Frauen aus Afghanistan sollen laut Beschluss des EU-Gerichtshofs ganz allgemein als schutzwürdig angesehen werden. Das stellt vieles auf den Kopf, nicht zuletzt das individuelle Asylrecht: Nun gibt es Kollektive, die Schutz beanspruchen können. Wer kommt als nächstes?

picture alliance / ASSOCIATED PRESS | Anja Niedringhaus

Der Gerichtshof der EU hat entschieden: Frauen aus Afghanistan sollen automatisch, nur aufgrund ihres Geschlechtseintrags im Pass oder sonst einem Dokument, Asyl genießen. Damit rennt der EU-Gerichtshof auf moralischem Feld offene Türen ein. Wer könnte da schon widersprechen, hören wir doch seit langem die Schreckensbotschaften, was die Lage der Frauen im Taliban-Land angeht? Und sicher ist das für viele Frauen schwer. Aber hilft da ein Blanko-Asylstatus weiter? Und was bewirkt er letztlich? Denn auf die „persönlichen Umstände“ im Leben einer Afghanin soll es fortan nicht mehr ankommen. Das kann (und wird sicher) dazu führen, dass die Frauen mit Schutzstatus die Männer ihrer Sippe nachreisen lassen. Und das wären dann vielleicht auch Unterdrücker im Sinne der Taliban, die sich nicht am streng ausgelegten Koran stören, aber den relativen Wohlstand Deutschlands der Armut ihres Landes vorziehen.
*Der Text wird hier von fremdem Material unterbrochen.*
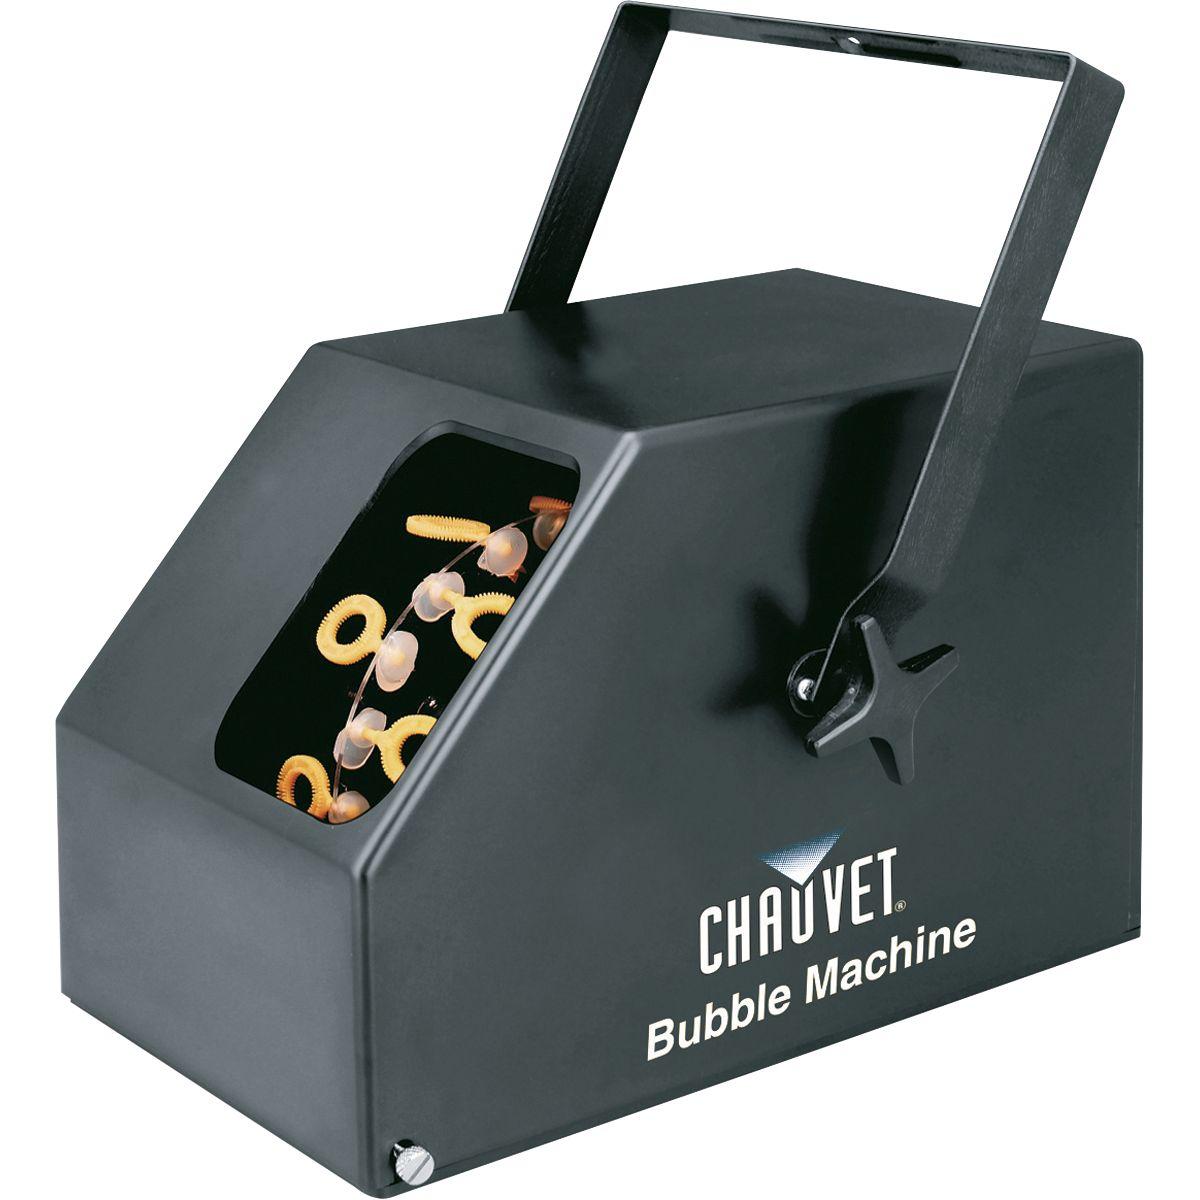 Machine CHAUVET BUBBLE (photo)

Daneben ist auch bei Frauen nicht ausgeschlossen, dass sie dem Gedankengut der radikalen Koranschüler mindestens nahestehen. Nehmen wir nur an: Eine Afghanin könnte ja nach Deutschland reisen, weil sie mit einem Detail ihres Lebens in Afghanistan nicht zufrieden ist. Vielleicht möchte sie eine medizinische Behandlung durchführen lassen oder ein paar praktische Dinge über ein Handwerk, die Medizin oder einen technischen Beruf lernen. Das ist alles möglich und denkbar. Aber macht sie das zur „Verfolgten“, wie der EU-Gerichtshof nun dreist und von Detailkenntnis sicher unbelastet behauptet? Auf lange Sicht sollte man in Frage stellen, dass Gerichte in einer europäischen Stadt überhaupt über Asyl- und Schutzchancen entscheiden.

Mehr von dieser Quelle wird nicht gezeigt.